Good Morning, Viet Nam

My first thought upon walking off the airplane and into the Hanoi airport was, “Oh wow, I’m tall”. Most days I think of myself as being 5’5-5’6″ even though I’m just over 5’9″. I blame this on the fact that Frank and Mary tower over me. I’ve never thought of myself as being tall before arriving in Viet Nam. Most of the people stood up and I soon realized that they looked much taller when they were seated on the plane. This sense of feeling like a giant hasn’t gone away.

church better one
This church is about half a block away from where I’m staying so how I orientate myself

I walked around a bit Sunday night but with the travel and lack of sleep on the airplanes went to bed at 7pm. Both Monday and Tuesday were holidays here, first International Labor Day and then celebrating the Fall of Saigon.  I woke up at 4am the next morning and was ready to go. I facetimed my parents because it was early evening for them and waited until the noise of the street crept in to let me know the city had awaken. I got up and went to walk around the Hoàn Kiếm Lake, or “Lake of the Restored Sword”.lakeview 2 I also walked across the Huc Bridge into the Temple of the Jade Mountain. Right before the entrance two girls in front of me had to turn around and the man seemed to be gesturing to their shoes. Looking at my sandals I wondered if it was a problem but he let me pass. I later realized it was because they were wearing shorts and had to go back and put smocks on to cover their legs.

in the temple .jpg
Inside the temple
lake view 1
View looking onto the lake from the temple
brdige 2
I’m taller than everyone on this bridge

The temple is still active with people putting money (fake money) to burn as the offering.

I then met up with one of the guys here for lunch to talk about preliminary things, like areas to go running and what places are the best to eat.

near the temple
My shorts were too short for me to go up into the temple

Tuesday was the celebration of the Fall of Saigon, which is probably a similar feeling to a Brit being in America on the Fourth of July, but with less fireworks. Given that everything was still shut down I decided to make my way to the Temple of Literature and maybe the Viet Nam Museum of Art. Unfortunately both of those are off my paper map by a few blocks and ended up instead at Ho Chi Mihn’s Mausoleum and Museum.

masoleum
Not as busy as I thought it would be on the holiday

There was a temple there as well, which I could not go in because of the shorts I was wearing and they didn’t offer smocks. I also didn’t go into the Mausoleum because it was closed, which I found a little ironic given the day of celebration. templeI never found the Museum of Art, which is what I was really after.

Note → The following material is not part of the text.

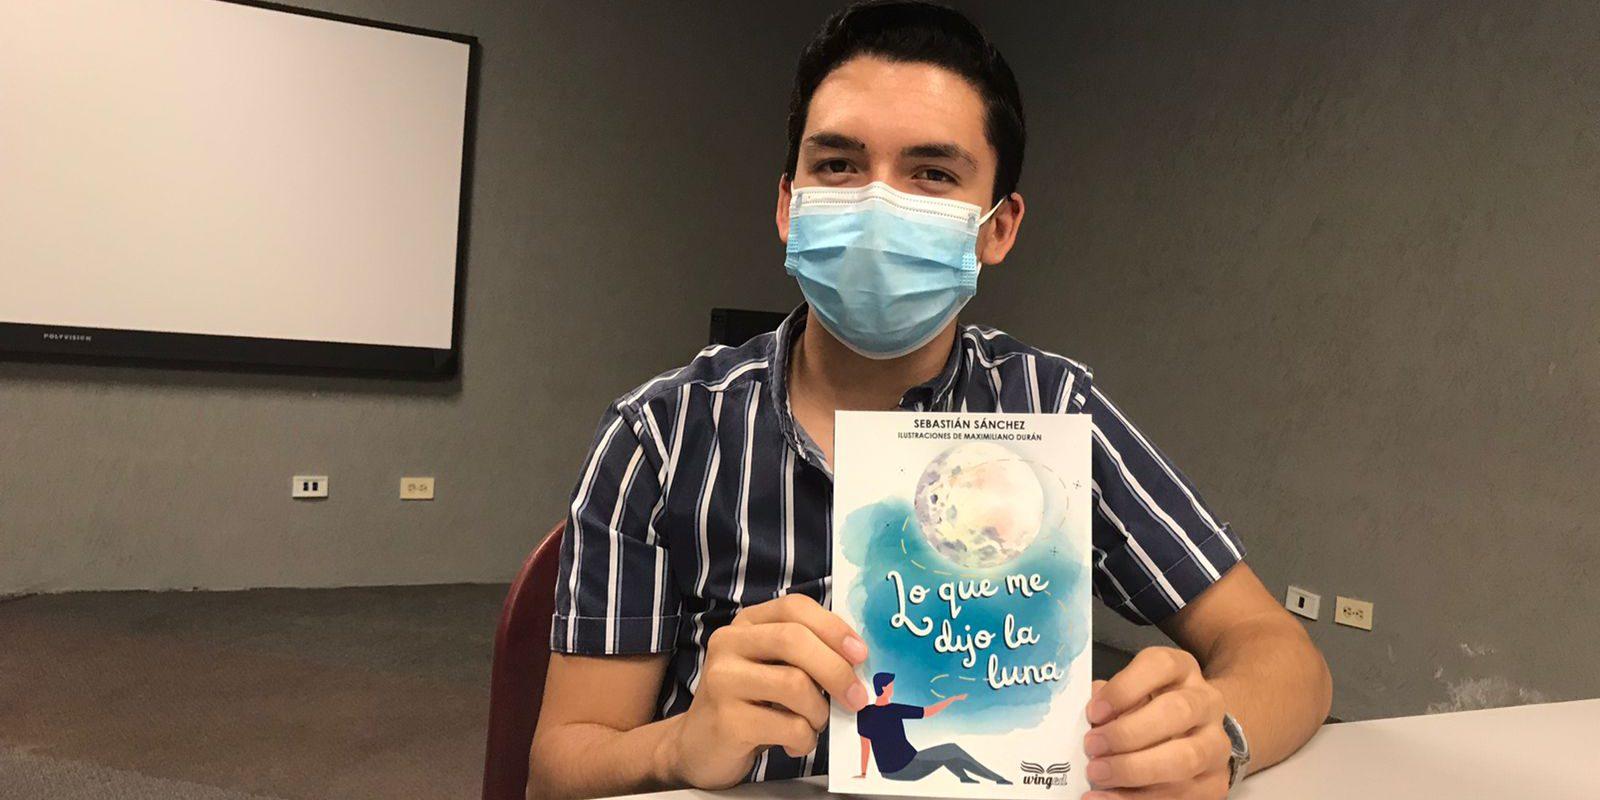 """Alumno de la U.A de C Sebastián Sánchez presentará su libro """"Lo que me dijo la Luna"""", en la Feria Internacional del Libro de Coahuila"""
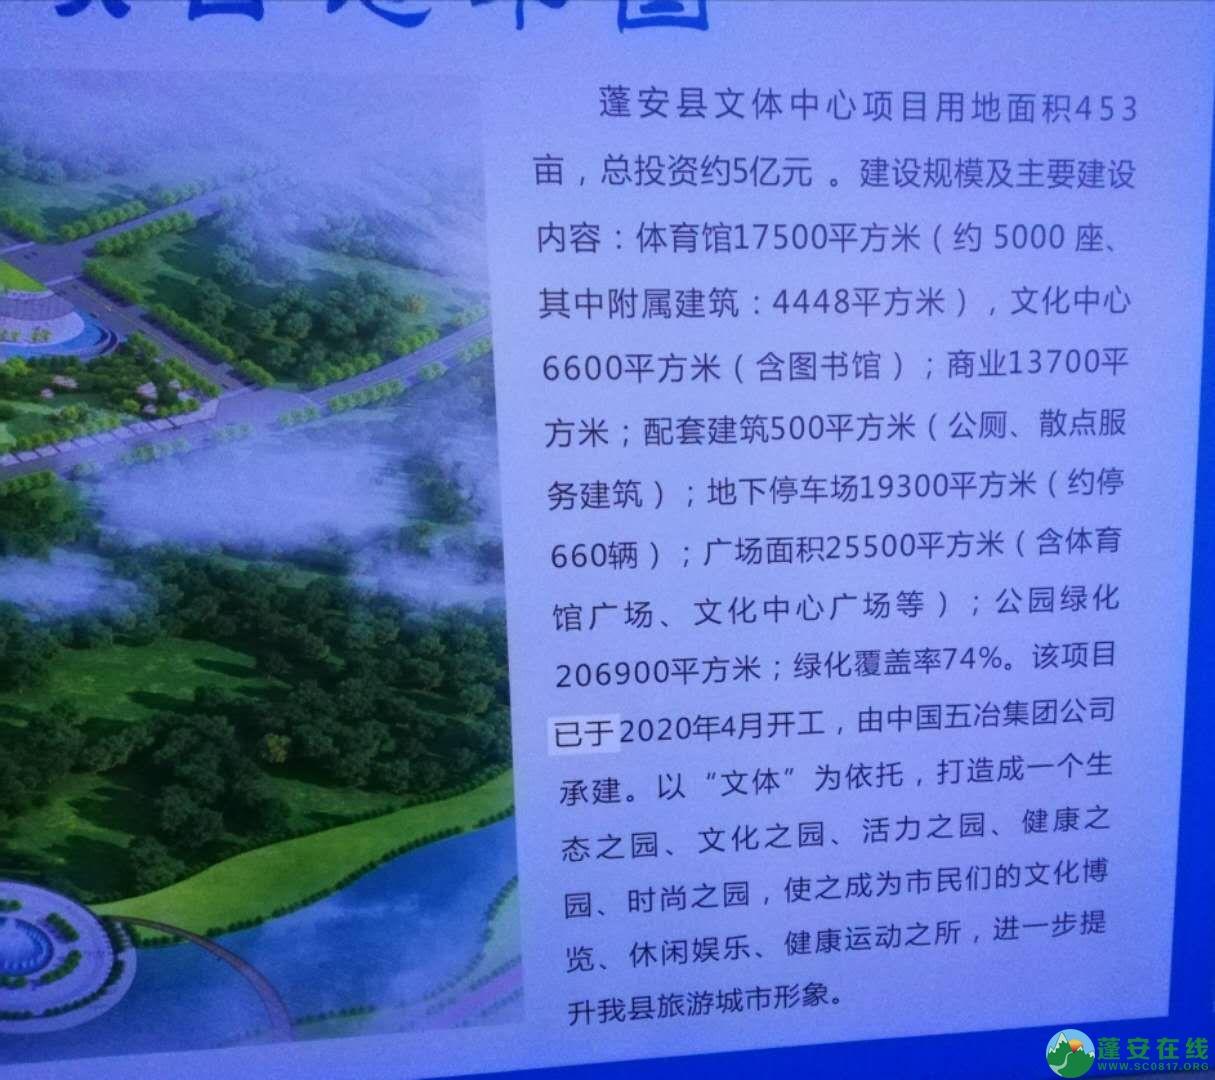 蓬安体育中心进展(2020.05.14) - 第5张  | 蓬安在线

I would go up to a police officer and ask, “English?” and they would respond, “Hello” and that was the just of it so besides trying to point on the map any phrases I knew in Vietnamese that I did not butcher were not sufficient enough to get me to where I wanted to be. I took a cab back to the hotel, which was maybe my first and last cab ride given how terrifying the roads are here.

taxi ride .JPG
Slightly terrifying

Yesterday I woke up again around 4 so decided to go for a run when the daylight broke. I decided to go run around Hoàn Kiếm Lake because it was close and that way if I didn’t want to do 6+ miles I could just cut it short whenever. Within about the first 5 minutes I soon realized why I didn’t see more runners, the humidity and the heat even at 5am was miserable. Plenty of people where out exercising, either walking around or doing group fitness, but not a lot of runners. Most of them in normal clothes and a few times seeing their clothes drenched in sweat I wanted to yell, “Cotton kills!” but didn’t.  The side street markets were also unfolding spilling out fruits, vegetables, and handmade goods. I couldn’t believe all the activity happening still in the wee hours. I only last 3 painstaking miles and then went back to my air-conditioned room and did yoga. I only had a dinner on the schedule for the day so spent most of the day just roaming around. The Old Quarter is a mix of tourists interjected with the locals. A lot of shops seemed tailored to tourists and then I turned a corner and found myself on a street that only sold coffins and memorial flowers.

Hoc Bridge
On the Hoc Bridge

Other things:

(1) It doesn’t make much difference whether you look or not while crossing the road, there is always traffic so you just go–sorry mom!

(2) Not speaking anything more than really basic Vietnamese phrases means that I’m surrounded by thousands of people but still very isolated. My mom asked how I would do with it but it hasn’t bothered me yet, I’m actually enjoying it. I do worry that if I do something wrong and someone starts yelling I will have no idea why

(3) I have yet to a store that sells hairbrushes, and I’m in desperate need. I’m debating just cutting it so someone will have to brush it.